Science & Tech

Biden Names Texas A&M Engineer To Prestigious Advisory Panel

Nuclear security expert Marvin L. Adams will help steer the United States' path on science, technology and innovation.
By Texas A&M University Division of Marketing & Communications September 22, 2021

Marvin L. Adams
Marvin L. Adams.

Texas A&M Engineering

 

President Joe Biden is turning to a renowned Texas A&M University nuclear engineer to strengthen his panel of top science and technology advisors in areas of national security.

Marvin L. Adams was named Wednesday to the President’s Council of Advisors on Science and Technology (PCAST). Adams is the HTRI Professor of Nuclear Engineering, a Regents Fellow and the director of National Laboratories Mission Support for The Texas A&M University System.

The President’s Council is a direct descendant of the scientific advisory committee established by President Eisenhower in 1957 in the weeks after the launch of Sputnik. It is a group of external advisors charged with making science, technology and innovation policy recommendations to the president and the White House.

“I am honored to be selected to serve on the President’s Council,” Adams said. “I am sobered by the responsibility we have to provide sound advice and help the nation in these challenging times.”

The 30 members of the council include leading experts in astrophysics and agriculture, biochemistry, computer engineering, ecology, immunology, nanotechnology, neuroscience, national security, social science and cybersecurity.
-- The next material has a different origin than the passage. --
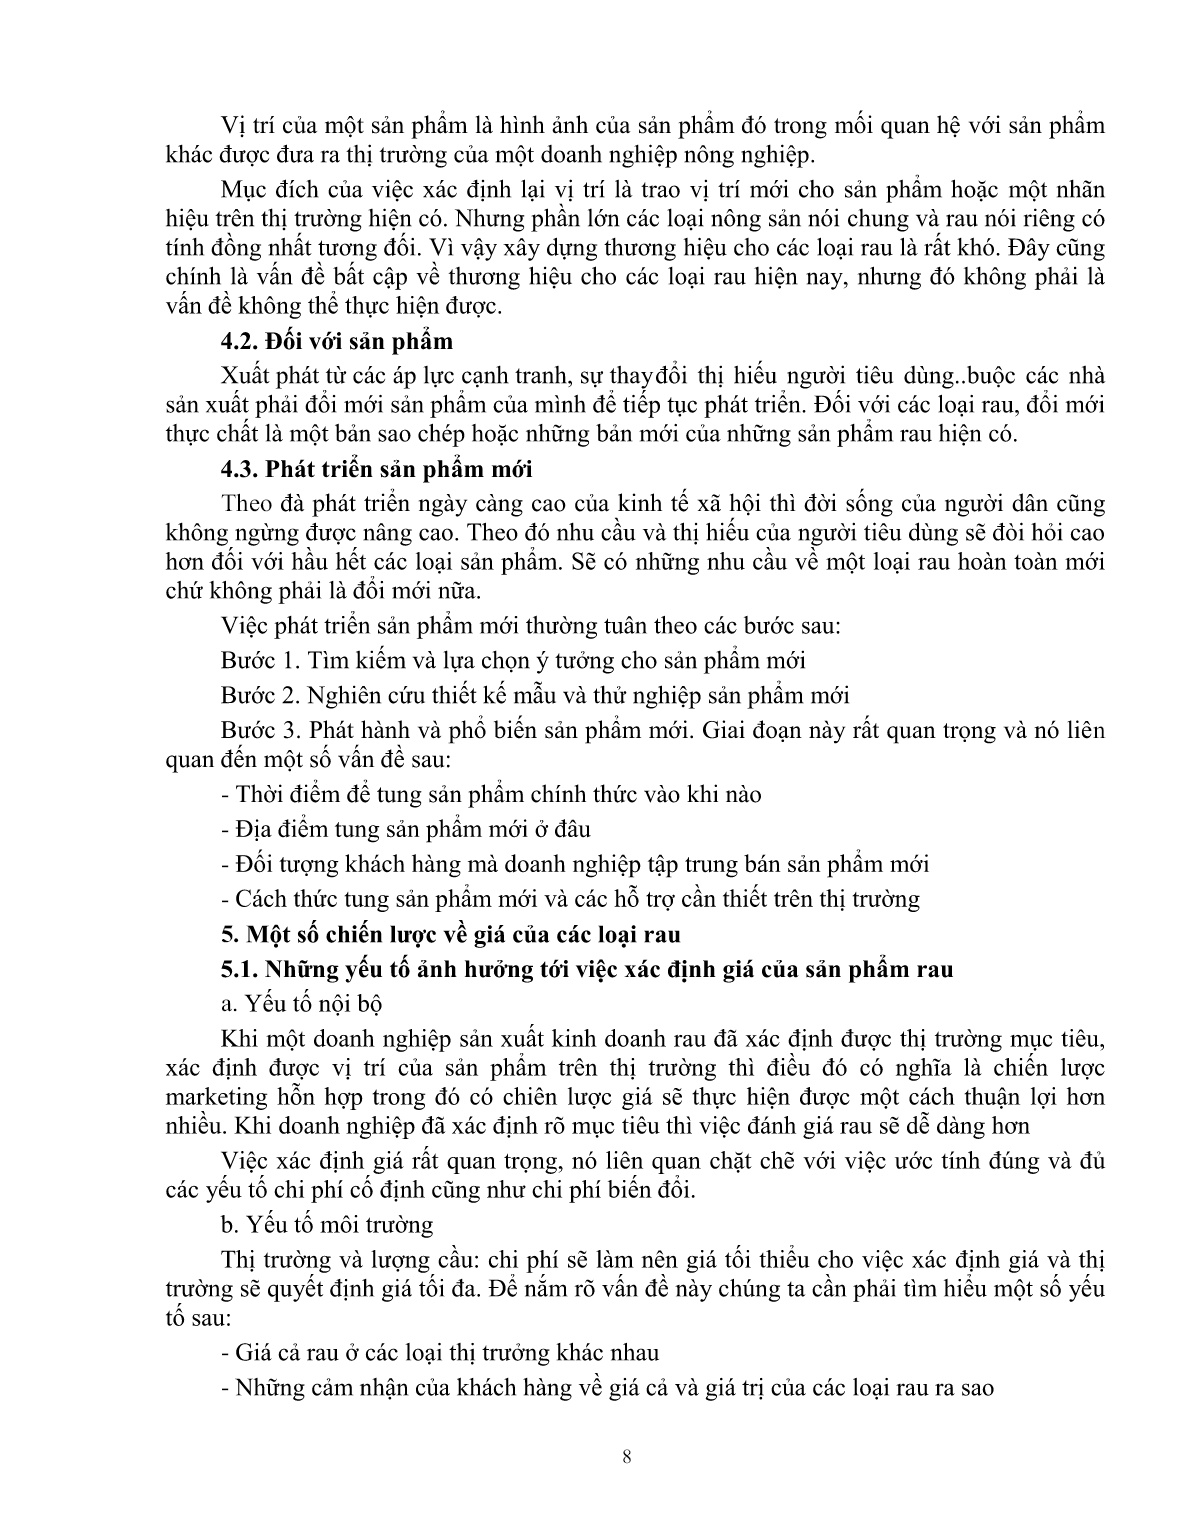 Giáo trình mô đun Tiêu thụ sản phẩn rau an toàn (Trình độ: Đào tạo dưới 03 tháng) trang 9

Adams, 62, is considered the nation’s foremost academic expert on stewardship of the nuclear stockpile. He has served on many review and advisory bodies related to national security and has years of experience working with the military and U.S. scientists at Lawrence Livermore, Sandia and Los Alamos National Laboratories.

Adams is the only academic on the Stockpile Assessment Team of U.S. Strategic Command, which annually assesses the nation’s nuclear capabilities for the president and Congress.

As a researcher, Adams has advanced the nation’s ability to use complex computational algorithms that help gauge the reliability of weapons systems in an era when explosive nuclear testing is banned.

“He has no peer in his field,” said John Sharp, Chancellor of The Texas A&M System. “His world-class research capabilities, combined with his first-hand experience in the national labs, make him an outstanding choice for this vital assignment.”

Adams was instrumental in the System obtaining a federal contract in 2018 to help manage the Los Alamos Lab in New Mexico. He joined the Texas A&M faculty in 1992 after more than five years as a computational physicist at Lawrence Livermore.

“Dr. Marvin Adams’ selection to PCAST is an incredible honor and we are proud of his long affiliation and service to Texas A&M,” said M. Katherine Banks, Texas A&M University President. “Dr. Adams has a rare combination of expertise in nuclear weapons and energy and has played an instrumental role with the national labs. He is an excellent choice for this national thought leadership position.”

Adams is the first Texas A&M professor named to the President’s Council since Norman Borlaug, the Nobel Prize winning professor of international agriculture, served in the early 1990s.

“I am grateful to be at Texas A&M,” Adams said. “It’s a university that values service to the nation and provides an environment that has helped me grow through my career.

“As a result, I’ve had incredible, unusual opportunities for service in the interest of U.S. national security.”

William Press, a computer scientist, computational biologist and astrophysicist at The University of Texas at Austin, also was appointed to the panel.